The body of the notification message contains a Default Alert Template. It is the default alert notification generated by Sysdig Monitor. You may add free text, variables, or hyperlinks before and after the template.

Example

The following example shows a notification template created to alert you on Failing Prometheus Jobs. Adding the following to the subject line helps you identify the problem area at a glance without having to read the entire notification body:

{{ alert.occurrence.labels.kube_cluster_name }}:{{ alert.occurrence.labels.job }} - {{ alert.rule.name }} is {{ alert.occurrence.workflow_status }}

Automate Deactivation or Resolution of Orphaned Alert Occurrences

Sysdig Monitor can automatically deactivate or resolve alert occurrences triggered by entities like hosts or containers that are no longer reporting data. This curbs noise from potentially outdated alert occurrences, ensuring that your alert notifications remain relevant.

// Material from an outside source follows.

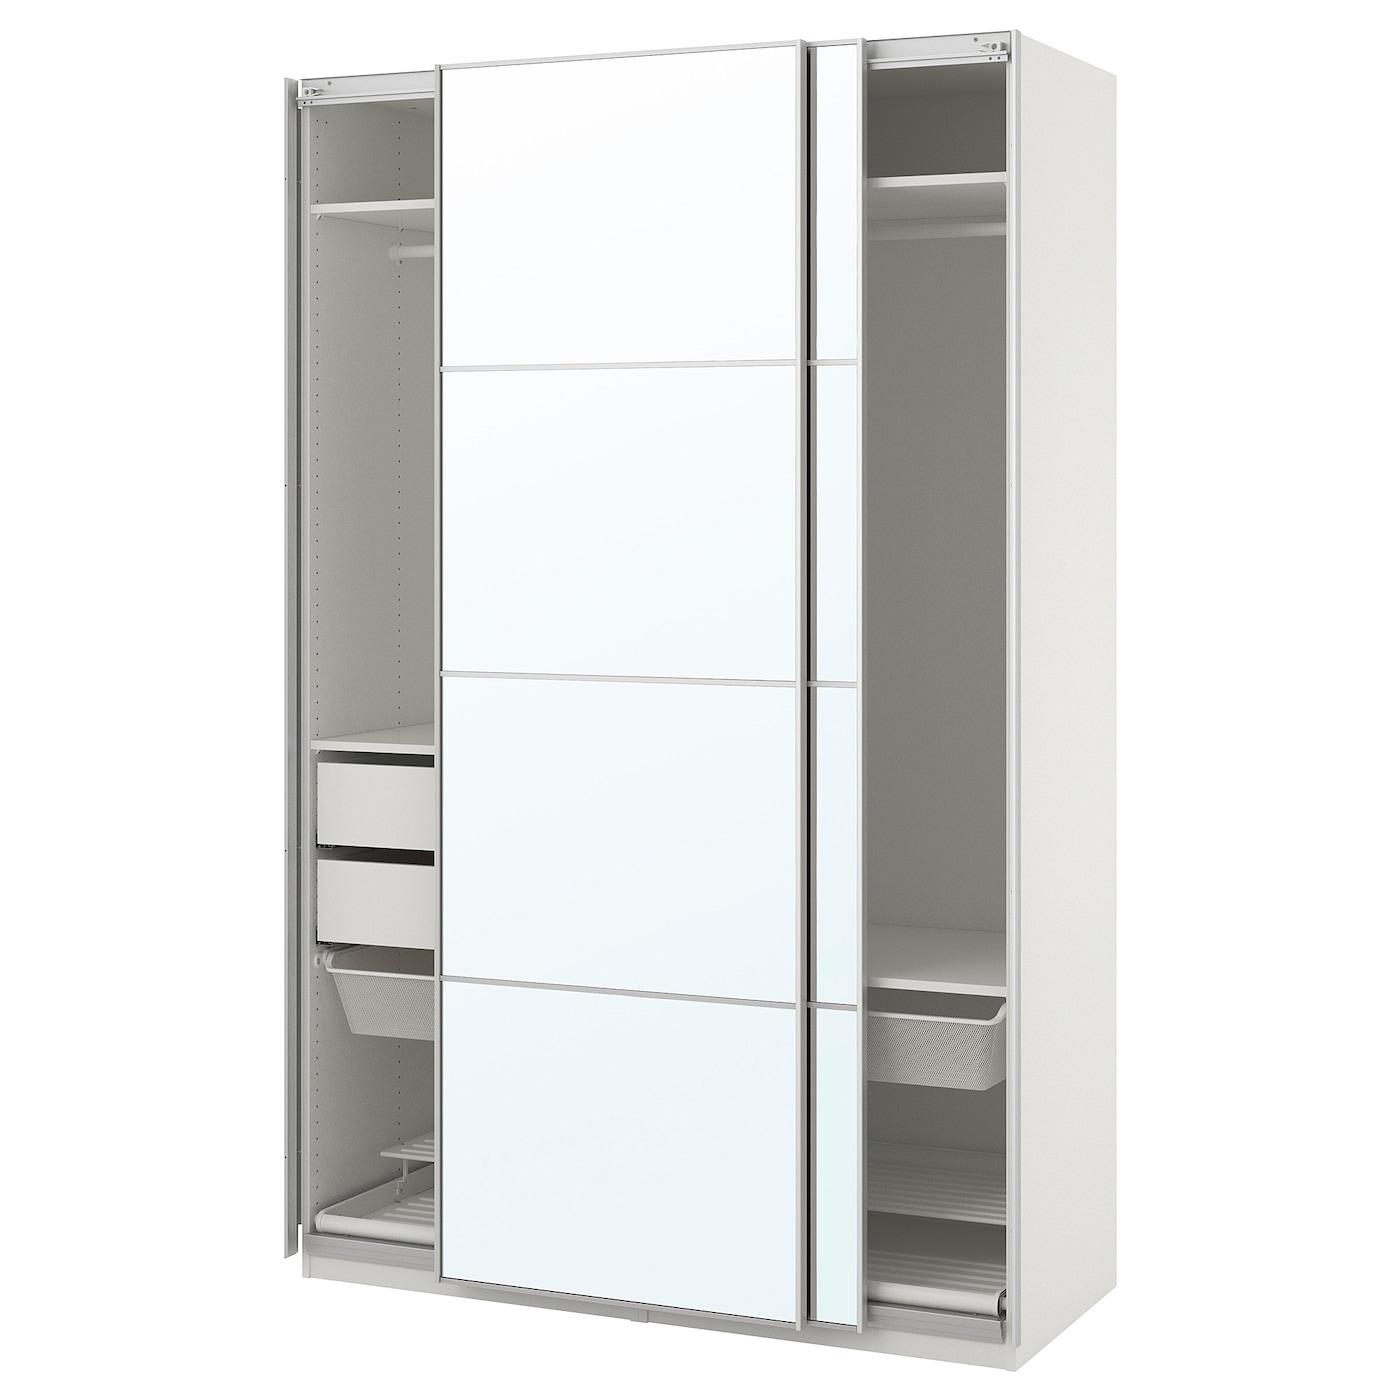 Pax armoire penderie blanc auli miroir 150x66x236 cm ikea - Armoire penderie miroir ...
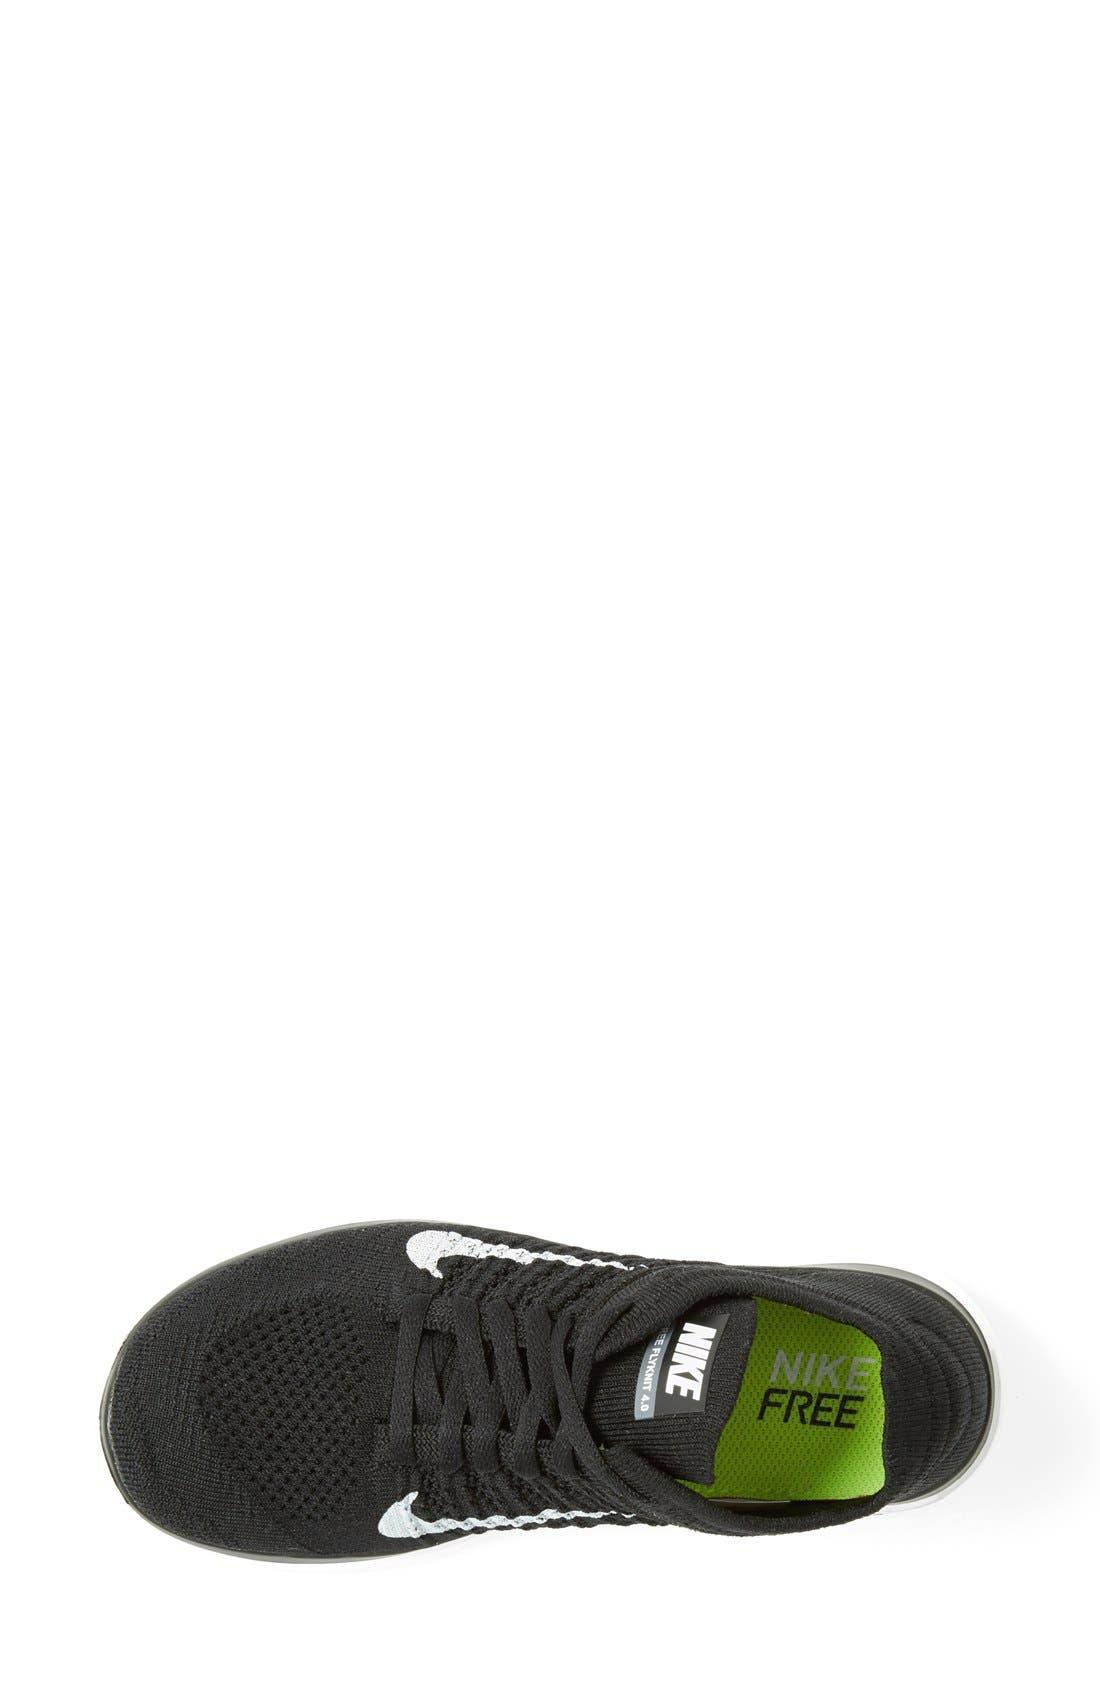 NIKE, 'Free 4.0 Flyknit' Running Shoe, Alternate thumbnail 4, color, 001

By automatically deactivating or resolving orphaned alert occurrences, you can eliminate false positives and ensure that only alert occurrences from existing entities are reported in the system.

Prerequisites

Automatic Alert Deactivation is available for the following alert types:

Threshold Alerts
Group Outlier Alerts
Downtime Alerts

Automatic Alert Resolution is available for the following alert types:

Threshold Alerts

Configure Response to Lack of Data

To configure a response to a lack of alert occurrence data:

Log in to Sysdig Monitor.
Either Create an Alert or edit an existing alert of the supported types.
The Alert configuration page appears.
Under Settings, review responses to Active Alert Occurrence Stopped Reporting Data:

Keep Firing: The alert occurrence will continue, even if no data is reported.
Resolve: When alert occurrences are resolved rather than deactivated, notification channels and alert configurations determine whether a resolution notification should be sent.
Deactivate: Deactivated alert occurrences will not send any notifications but will be marked in the event feed as deactivated.

Supported Aggregation Functions

The table below displays supported time aggregation functions, group aggregation functions, and relational operators:

Time Aggregation Function	Group Aggregation Function	Relational Operator
timeAvg()	avg()	=
min()	min()	<
max()	max()	>
sum()	sum()	<=
not applicable	not applicable	>=
not applicable	not applicable	!=

Captures

Optionally, configure a Sysdig capture. Specify the following:

Capture Enabled: Click the slider to enable Capture.
Capture Duration: The period of time captured. The default time is 15 seconds. The capture time starts from the time the alert threshold was breached
Capture Storage: The storage location for the capture files.
Capture Name: The name of the capture file
Capture Filter: Restricts the amount of trace information collected.

Sysdig capture files are not available for Event Alerts and Prometheus Alerts. See Captures for more information.

Consistent Alert Preview for Alert Rule Evaluation

Threshold Alerts, Event Alerts, and Prometheus Alerts provide an alert preview that accurately reflects alert rule checks. This aligns the data points in the alert preview with the actual alert evaluation intervals, ensuring a realistic representation of alert behavior, since each point in the alert preview corresponds to an actual alert rule check.

For scenarios where you need to view data in a different format from the alert rule checks, such as data in 10s intervals or a week-long alert preview, switch to Explore Mode. This mode provides the flexibility to view data at different granularities or over extended periods, even if these do not correspond to the specific intervals of alert check. Explore Mode does not apply to Event Alerts.

Evaluation Interval for Threshold Alerts and Prometheus Alerts

By default, alerts are evaluated every minute. However, if an alert has a range of 3 hours or more, it will be evaluated every 10 minutes instead. For instance, if you have configured a Threshold Alert to look at data “over the last 3 hours,” it will be evaluated every 10 minutes. The same applies to Prometheus Alerts like sum(rate(errors_total[3h])) > 100 which will also be evaluated every 10 minutes. Additionally, this means that re-notifications can only be as frequent as 10m for these alerts.

Please note that Threshold Alerts and Prometheus Alerts with ranges of 31 days or more are not supported.

Query Range	Check Interval
up to 3h	1m
up to 1d	10m
up to 7d	1h
up to 31d	1d
31d	Not Supported